In Kapitel drei begrĂŒndet Kraus ihre Vorstellung pĂ€dagogischer Wissensformen im Unterricht, an welche sie die im darauffolgenden Kapitel vier vorgestellten gĂ€ngigen Konzepte zur (professionellen) Kompetenzentwicklung in der Lehrer_innenbildung rĂŒckbindet. Dort thematisiert die Autorin unter dem Titel „Die universitĂ€re Lehrer(innen)bildung als wissenschaftsgestĂŒtzte Aneignung von Professionswissen“ Konzepte des ‚reflective practitioner‘, verschiedene AnsĂ€tze aus der Praxisforschung, die Arbeit mit FĂ€llen und am Fall sowie das Konzept und Beispiele des Forschenden Lernens. In Kapitel fĂŒnf steht die Auseinandersetzung mit Theorieangeboten im Kontext einer performativen PĂ€dagogik bzw. des performativen Paradigmas im Mittelpunkt. PerformativitĂ€t wird entlang der einzelnen Teilkapitel im Zusammenhang mit zentralen Begriffen des PĂ€dagogischen diskutiert.

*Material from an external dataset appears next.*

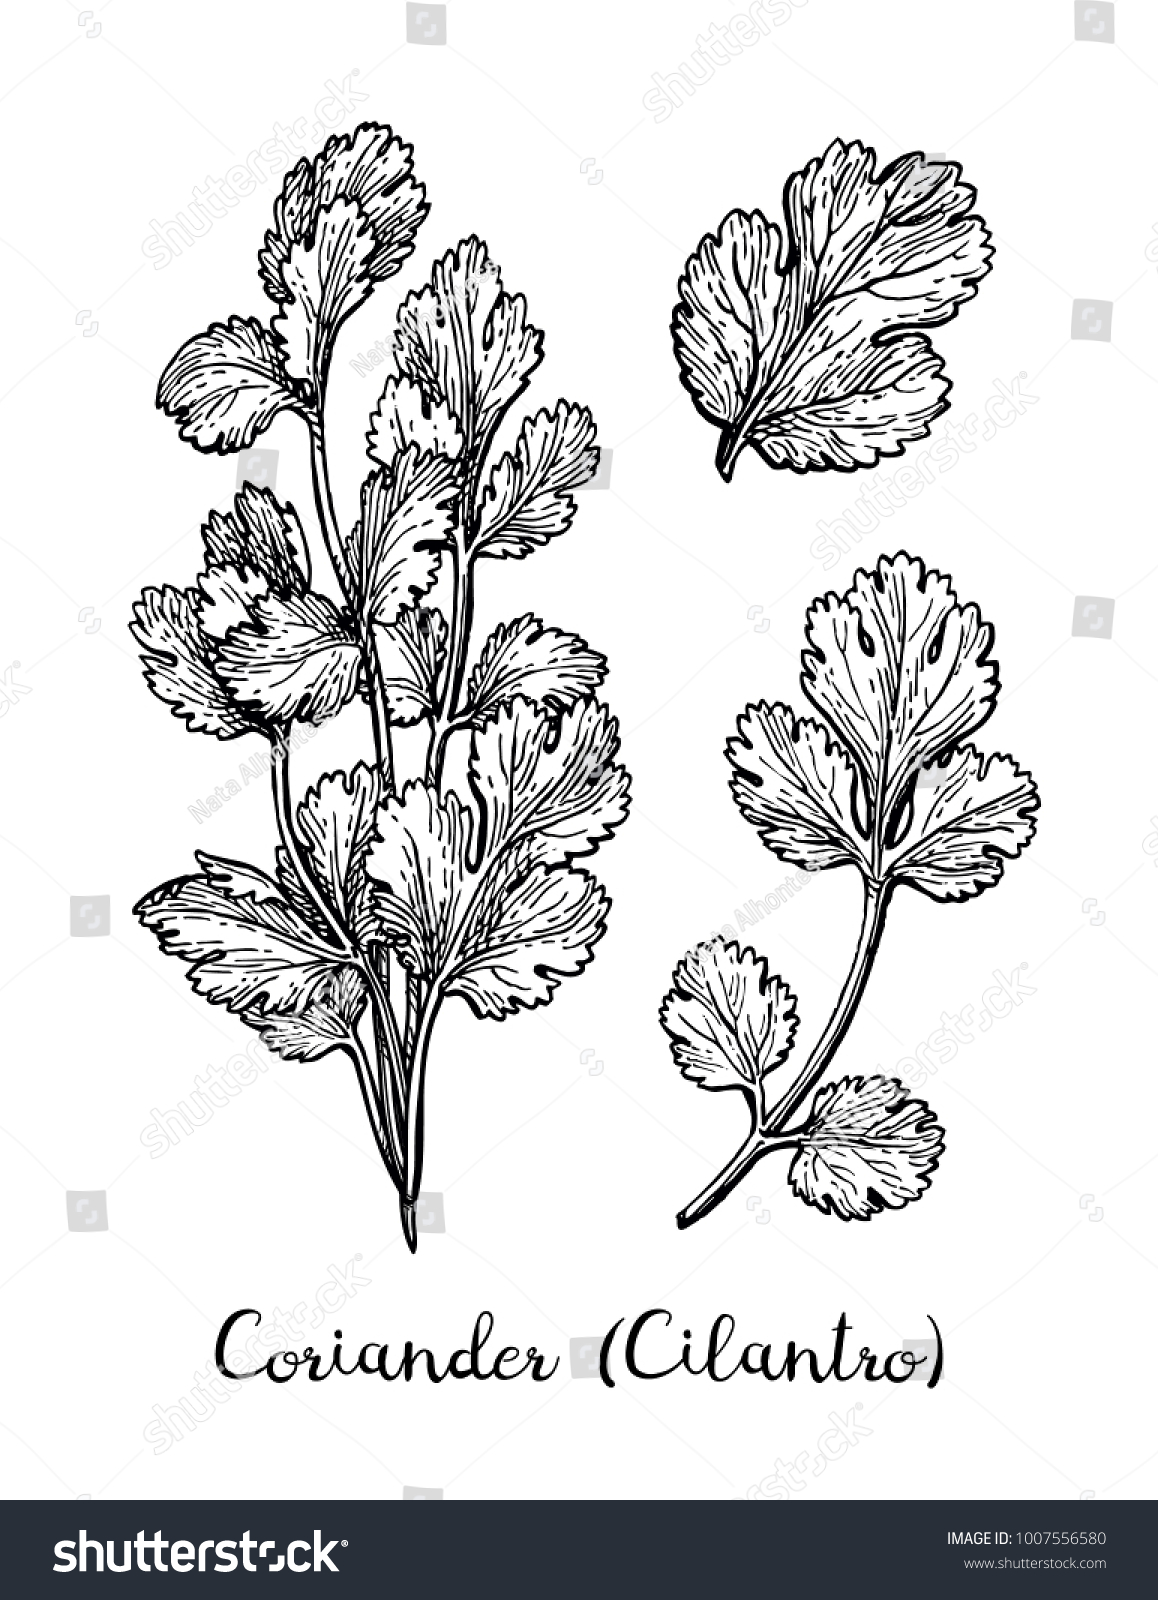 Coriander, also known as cilantro or Chinese parsley. Ink sketch set isolated on white background. Hand drawn vector illustration. Retro style. #1007556580

Im Hinblick auf die Vermittlung von pĂ€dagogischen Wissensformen in der Lehrer_innenbildung resĂŒmiert die Autorin am Ende des fĂŒnften Kapitels und stellt den ‚PĂ€dagogischen Takt‘ (nĂ€her bestimmt als KontextsensitivitĂ€t) ins Zentrum, der gleichsam fĂŒr die theoretisch vorbereitete und spontane Adaption bestimmter erzieherischer und didaktischer Maßnahmen in konkreten Situationen sowie fĂŒr eine rationale und intuitive nachgĂ€ngige ÜberprĂŒfung der bewirkten Effekte als notwendig erachtet wird. Die theoretische Modellierung solcher Übersetzungsleistungen von Theorie in praktische ZusammenhĂ€nge, die in der Arbeit als Desiderat erkannt wurde, bzw. die „theoretische und empirische Eruierung“ (164) erfolgt in performationstheoretischer Perspektive und wird im zentralen sechsten Kapitel als die EinĂŒbung in pĂ€dagogische Wissensformen nĂ€her dargelegt.

In Kapitel sechs expliziert die Autorin professionelle Erfahrungsbildung in der Lehrer_innenbildung durch fĂŒnf Elemente, welche als Modi einer performativen Ausbildung diverser Wissens-, Denk- und TĂ€tigkeitsformen sowohl als Mittel als auch als Ziel ausgelegt werden können. Genannt werden erstens das VerfĂŒgbarmachen von habituell verfestigten Befangenheiten, zweitens die Expertise im Umgang mit pĂ€dagogischen Spannungsfeldern, mit Differenzgeschehen und heteromorpher NormativitĂ€t, drittens die Notationen des Unterrichts und einer Unterrichtschoreographie, viertens der pĂ€dagogische Umgang mit unerwarteten Ereignissen und fĂŒnftens der pĂ€dagogisch taktvolle Umgang mit situativen Herausforderungen. Anhand von vier Beispielen skizziert die Autorin in Bezugnahme auf die genannten Modi Aspekte einer performativen Hochschuldidaktik.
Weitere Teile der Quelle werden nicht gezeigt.